All photographs can be fortified with words. –Dorothea Lange
A picture is worth a thousand words…but which ones? –Unknown
Both of these quotations highlight that you need to include some text with your plots to help the user construct their understanding of what you’re trying to show them.
13.1 Titles and Labels
Graph and Table titles should follow Title Case. Capitalize each word unless the word is “small” (e.g., of, an, etc.). The Title Case website can help you if you aren’t sure. (This website also does other types of case such as camel case.)
Axis and Legend Labels will follow Sentence Case. That is to say only the first word of each axis label and the legend will be capitalized. The remaining words will be lower case with two exceptions (proper nouns and unit abbreviations).
When dealing with quantities on axes, you need to include the unit of measurement in the label. Typically, the unit will be placed in parentheses at the end of the label and use appropriate abbreviations. For example, “Height (in)”, “Air pressure (mmHg)”, “Resting heart rate (bpm)”, etc. If the unit of measure is for a count, change the label to be along the followings lines: “Number of siblings”, “Number of bikes owned”, etc.

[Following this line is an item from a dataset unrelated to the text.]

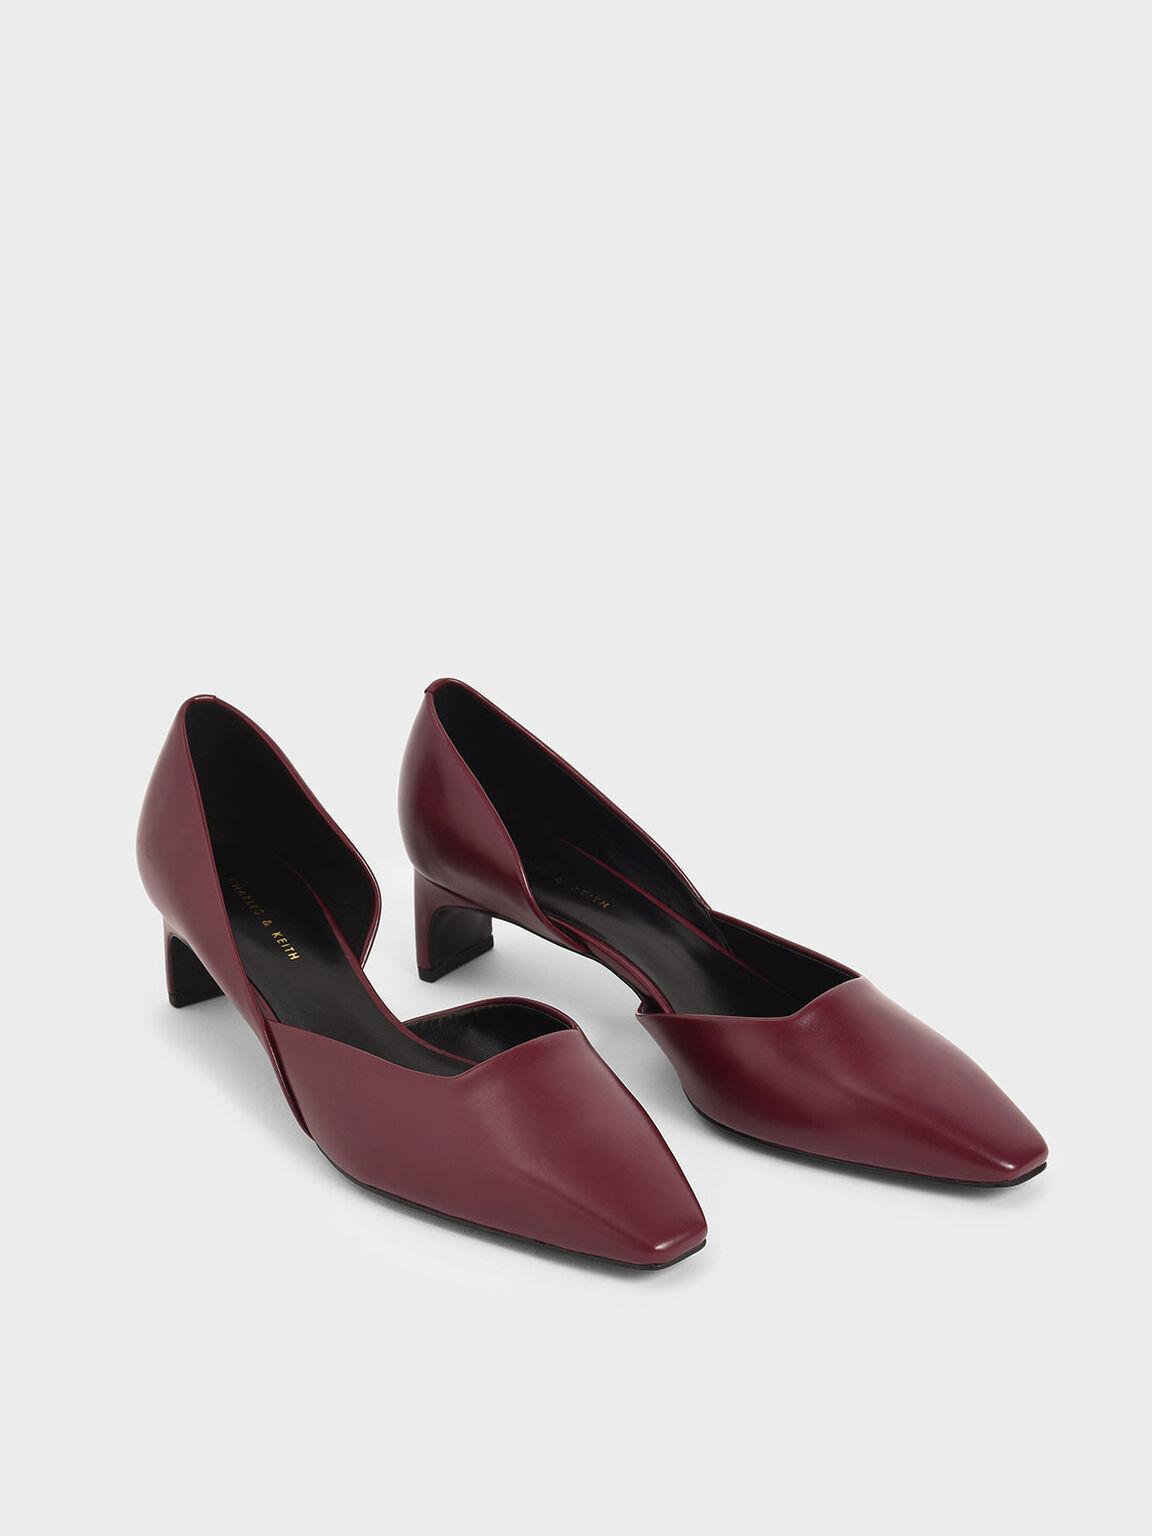 Square Toe D'Orsay Court Shoes, Burgundy, hi-res

Labels should be informative without getting in the way of reading the graph.
13.2 Font Sizes
A common area for adjustment in R graphics is that font size. Many times, we might need to adjust the size of the text used in a plot so that the axis labels and titles are easier to read. There are a couple of different approaches you can use to effect this: change the base font size or change the font size for particular elements.

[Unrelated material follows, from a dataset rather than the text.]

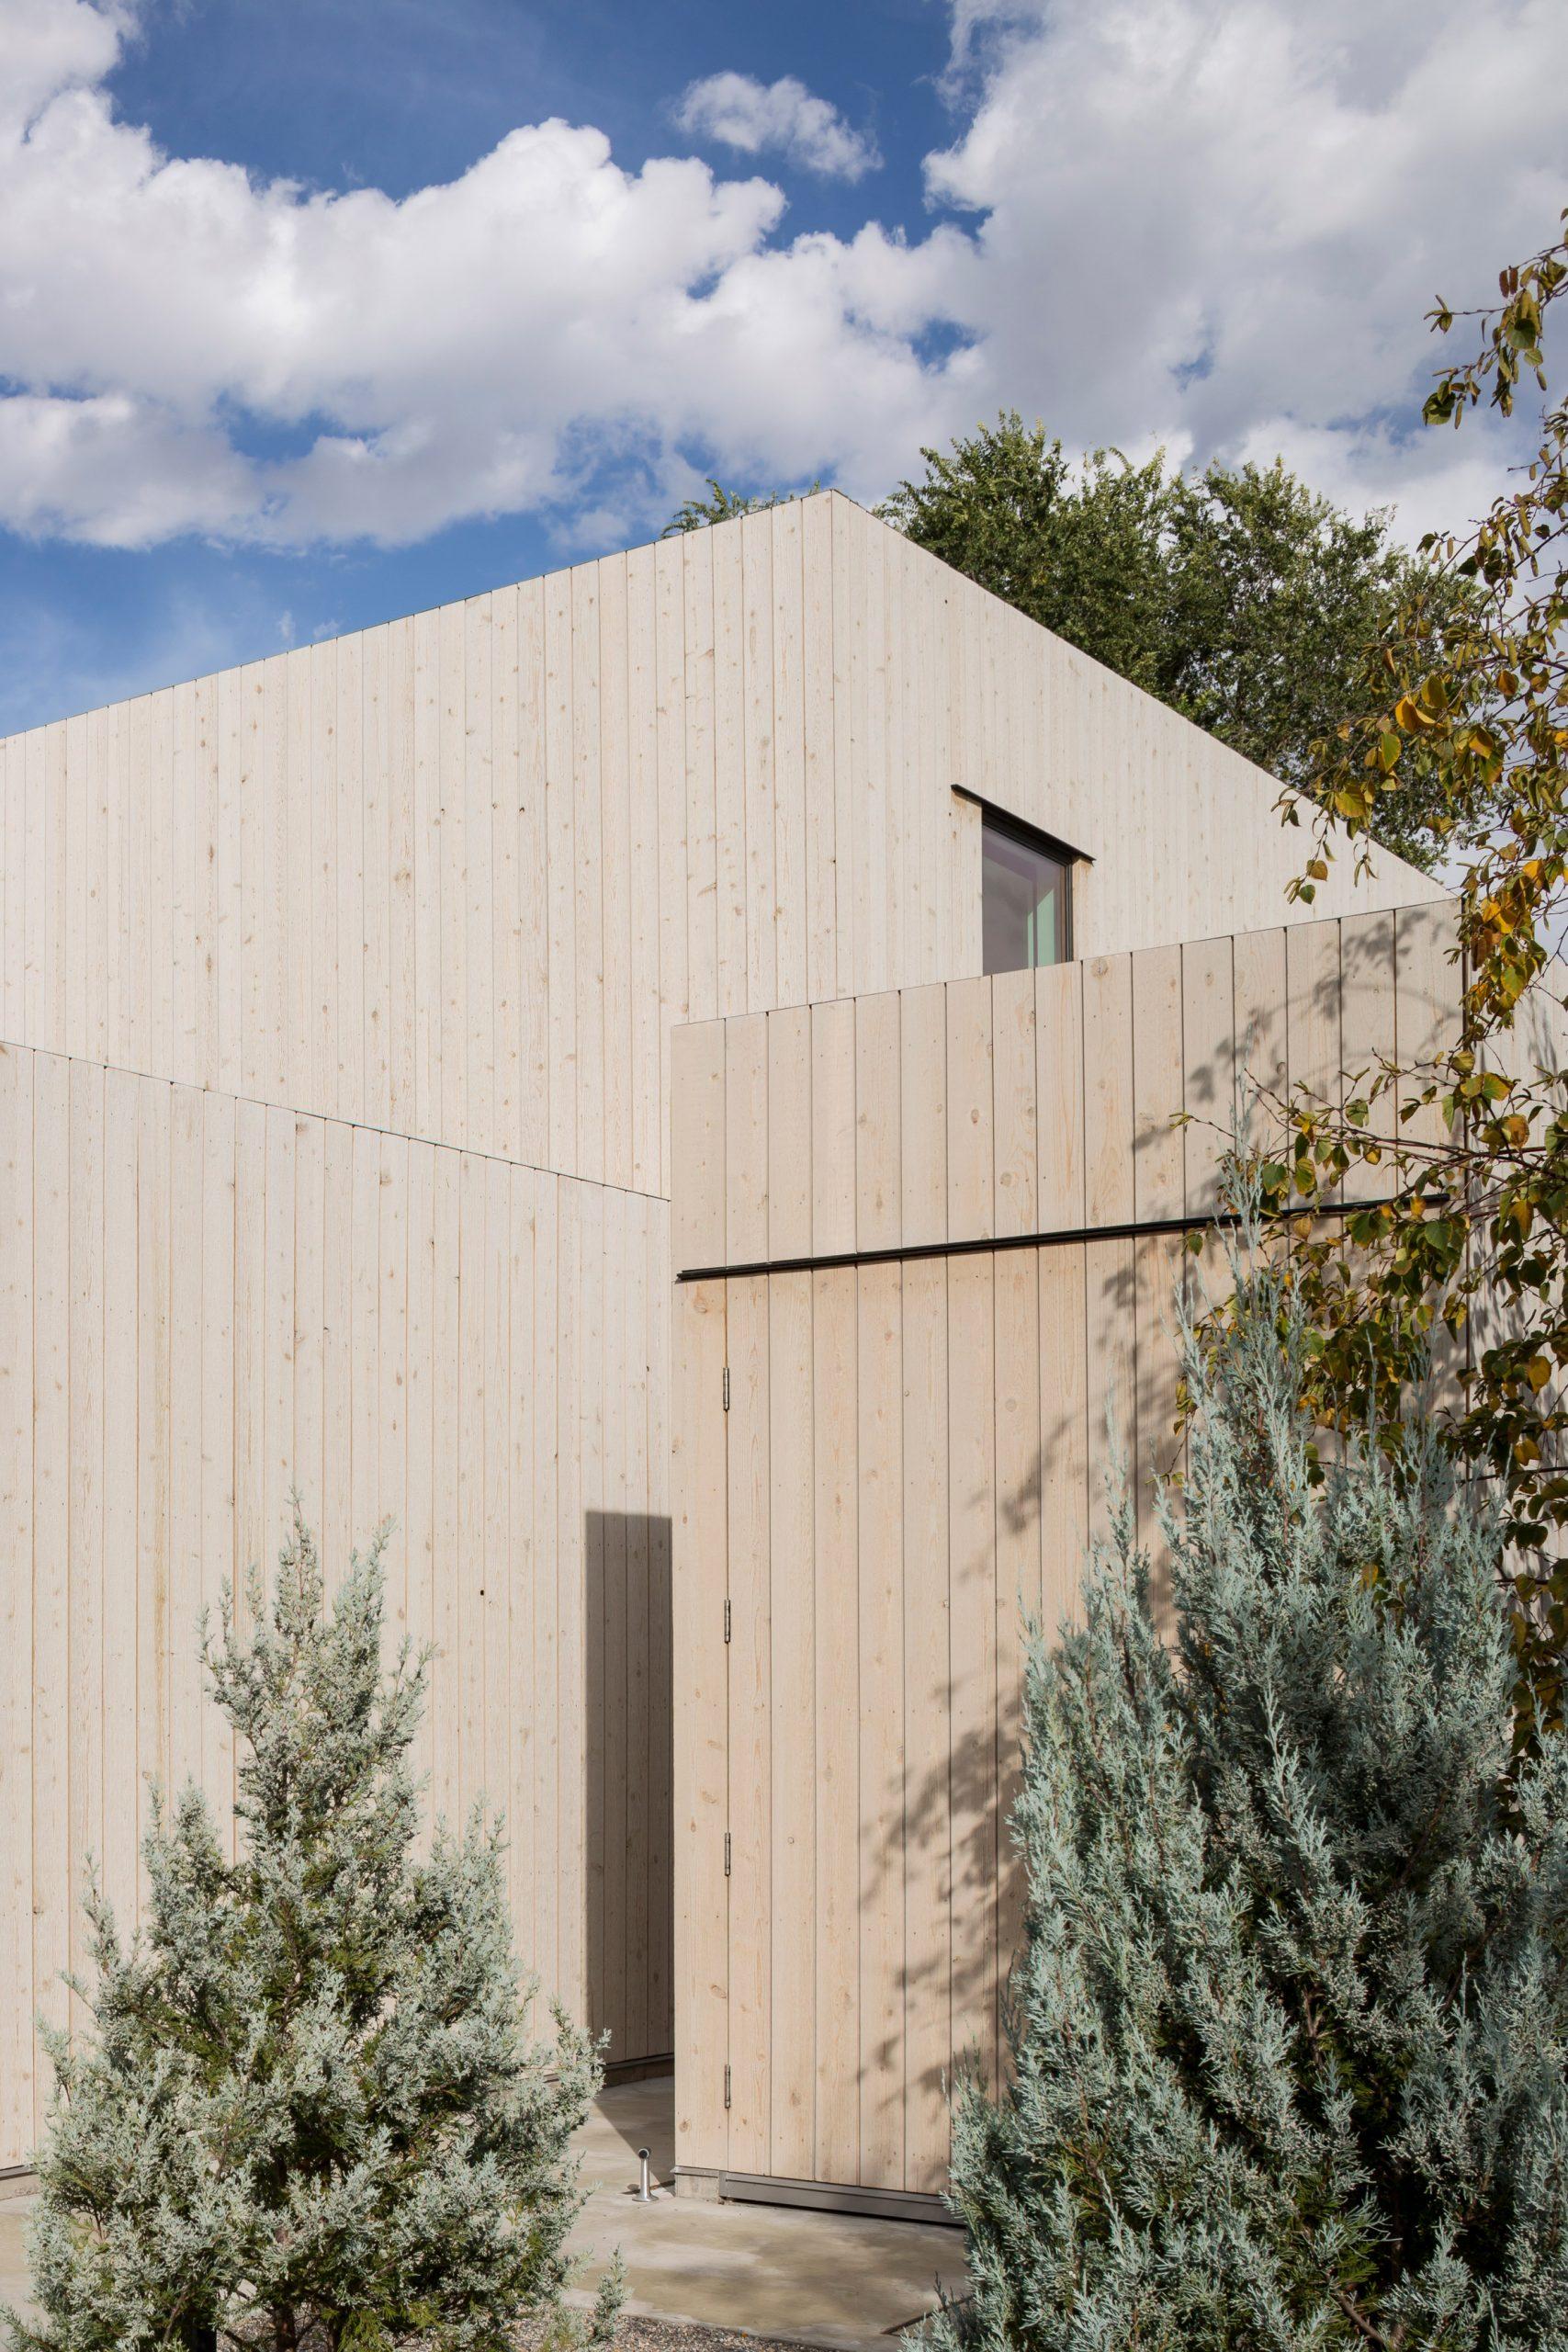 Exterior view of Host House in Utah

The easiest approach is to change the base font size and then let ggplot
do the necessary alterations. To go this route, you will need to do the following:
# Letting examplePlot be an already created ggplot object
examplePlot +
theme(
text = element_text(size = 18)
)
The above code should set the default font size for the entire plot to be 18 pt will potentially scale from there.

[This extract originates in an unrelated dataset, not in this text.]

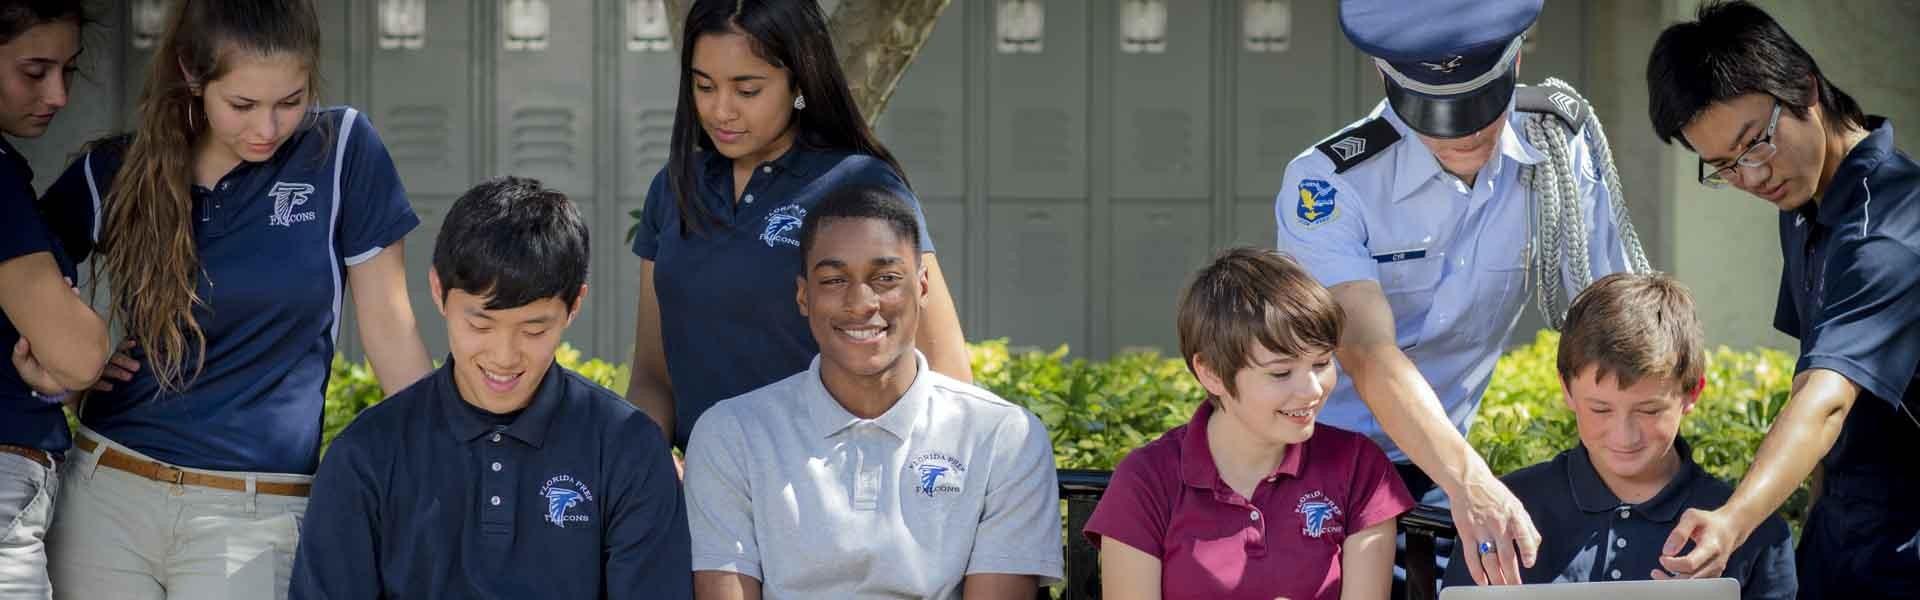 FloridaPreparatoryAcademy-Highschool-Florida-GroupPictureDiversity-MAin-Banner-2019

If instead you wish to be a bit more precise with the font size for different elements, you would need to something like the following:
# Letting examplePlot be an already created ggplot object
examplePlot +
theme(
axis.title = element_text(size = 18),
axis.text.x = element_text(size = 14),
legend.title = element_text(size = 18),
legend.text = element_text(size = 14),
plot.title = element_text(size = 24)
)
In this example code, we’re instructing R to use size 18 font for the labels on both axes and the legend title. We’re also using size 14 font for the text that occurs in the legend as well as along the horizontal axis. (The vertical axis’s text will be the default size.) The plot’s title will be 24 point.
There are many different aspects of size that you can adjust with the theme
function; these are just a few. To see the full list, look at the Help documentation for theme (?ggplot2::theme
). For each of the elements, you will need to use element_text
with a size
argument to dictate what font size should be used.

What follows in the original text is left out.